1927 released two more albums in the early 1990s before going on hiatus, but they reunited multiple times in subsequent decades, continuing to perform for Australian audiences who remembered their late-1980s peak with genuine affection. The band's legacy in Australia is substantial; their debut album is consistently cited in retrospective surveys of essential Australian rock recordings, and Eric Weideman's songwriting from this period is regarded as a high point of the AOR genre's Australian iteration. "That's When I Think of You" represents their sole American chart entry, a brief but documented moment of international reach for a band whose primary significance was always domestic, but whose records demonstrated a craft level fully capable of competing on the world stage.
02 Song Meaning
Distance, Memory, and the Emotional Trigger of Absence
"That's When I Think of You" explores one of the most basic and enduring dynamics of romantic longing: the way that specific moments or circumstances reliably conjure the thought of a person who is absent. The song's emotional logic is the logic of association, of the way that the mind, once it has formed a deep attachment to someone, finds that person everywhere in the ordinary texture of daily life, in circumstances both significant and trivial, in quiet moments and in sudden flashes of recognition.
"That's when" is the song's operative phrase, pointing to the specificity of the trigger rather than the generality of the feeling. The narrator does not simply think of the absent person at predictable emotional moments; he thinks of them when particular things happen or fail to happen, when the world arranges itself in ways that recall the presence now missing. This specificity is what gives the song its emotional credibility, its sense of being grounded in actual psychological experience rather than abstract romantic sentiment.
For an Australian band singing to an international audience, the theme of distance carried an additional layer of resonance. Australia's geographic isolation from the rest of the English-speaking world has always given Australian culture a particular relationship with absence and longing; the experience of being far from somewhere or someone, of conducting relationships across vast distances, is embedded in the national experience in ways that inflect even songs whose surface content is entirely personal rather than geographic. Eric Weideman's writing here captures something recognizable to any listener who has been separated from someone they love, while carrying an undertone specific to the Australian experience of distance.
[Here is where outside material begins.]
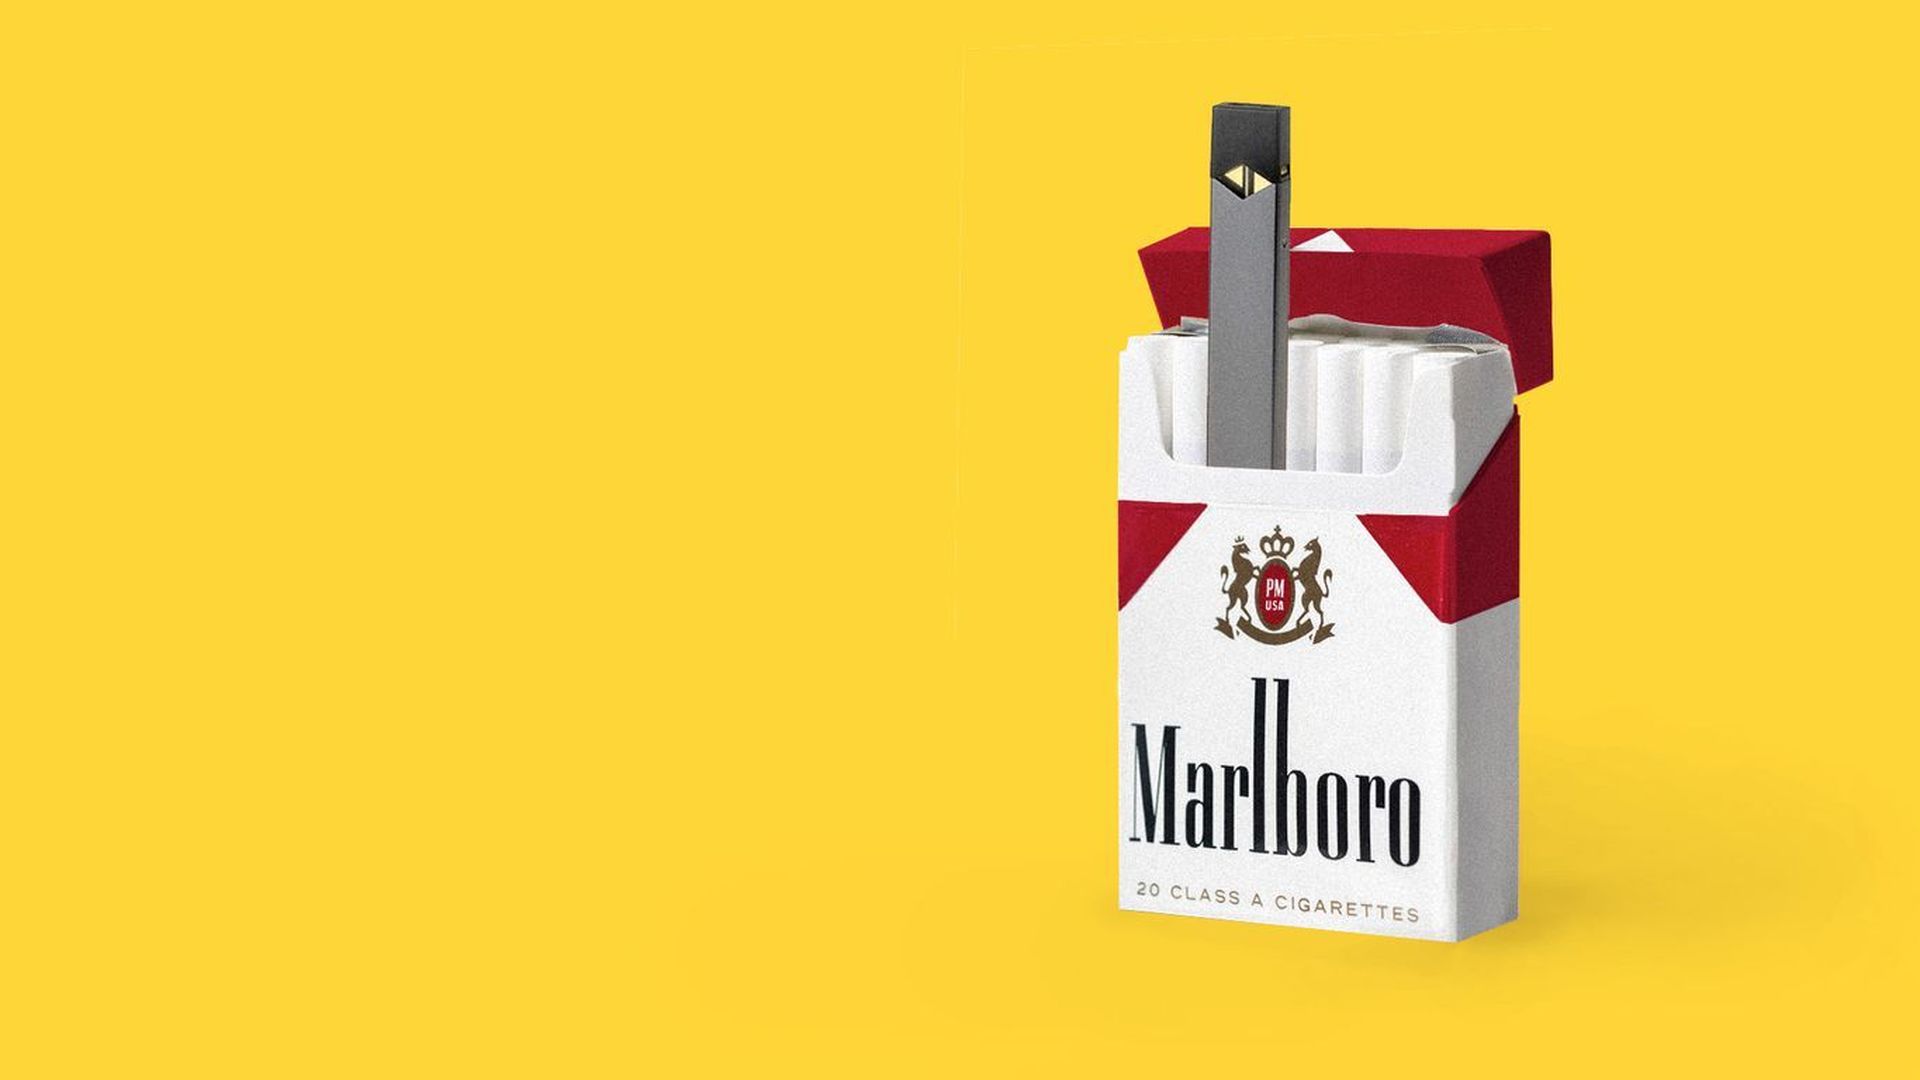 Illustration of a vape pen sticking out of a carton of cigarettes.

The song's melodic simplicity is part of its emotional strategy. The chorus resolves with a finality that the lyric's emotional situation denies, creating a small but effective tension between musical satisfaction and emotional incompletion. The tune feels finished and whole; the feeling it describes is neither. This gap between form and content is characteristic of the best melodic rock, which uses the pleasure of the hook as a way of making bearable the pain of what the words are actually saying.
Weideman's vocal delivery navigates this tension with the ease of a singer who understands that emotional directness is its own form of sophistication. He does not oversell the sentiment or reach for dramatic effect; he simply states the feeling with the clarity of someone who has lived it and found no better way to describe it than to name the specific moments when it strikes most forcefully. The result is a record that has maintained its emotional resonance for the listeners who encountered it, long after its brief commercial moment passed.